よしッ! キングス・パイランドではスパイをどう扱うか見せてやろう」
とハンタは叫んで、犬を放しに走った。
女中はそのまま家の方へ駈け戻ったが、走りながら振返ってみると、その男は窓から中へ半身を乗り入れるようにしていたという。

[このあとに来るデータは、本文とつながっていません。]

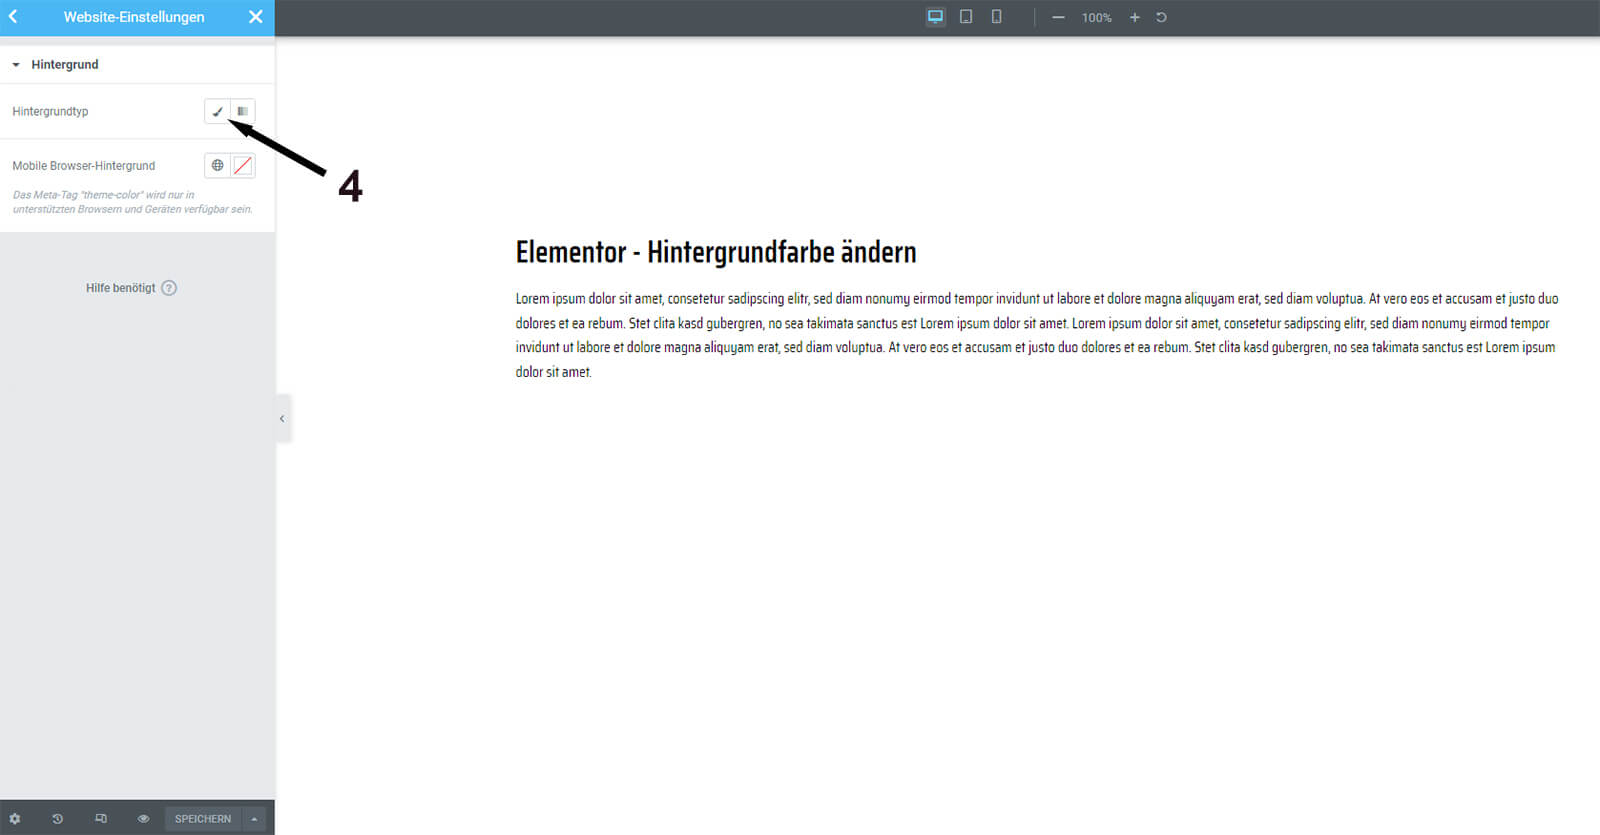 Elementor - Hintergrundfarbe ändern in den Website Einstellungen - Schritt 4

けれどもそれから一分間後に、ハンタが犬をつれて外へ飛び出して見た時には、もうその男はいなかったので、厩舎のまわりを駈けずりまわって探してみたが、どこにも姿は見えなかった。」
「ちょっと」 私はホームズを遮った。
「ハンタは犬をつれて飛び出した時、厩舎の戸締りをしないでおったのかい?」
その点が非常に大切だと思ったから、僕は昨日ダートムアへ電報を打って訊ねてみた。
ハンタは出る時鍵をかけたそうだ。
そして窓は、人間の入れるほどの大きさはないという。
 ハンタは仲間が食事から帰って来るのを待って、親方の調馬師に事の次第を報告に出かけた。
ストレーカはそれをきくとひどく昂奮して、それが何を意味するか分らなかったらしいが、漠然たる不安を感じたらしかった。
そして夜の一時に細君がふと眼を覚ましてみると、服を着かけていたという。
細君が驚いてその理由《わけ》を訊ねると、馬のことが心配になって眠れないから、厩舎に間違いでもないかを見に行くつもりだという。
ちょうど雨が窓を打つ音をきいたので、細君はどうぞ家《うち》にいてくれと願ったが、泣かんばかりに願ったが肯《きき》入れないで、大きな雨外套に身を包んでそのまま出ていってしまった。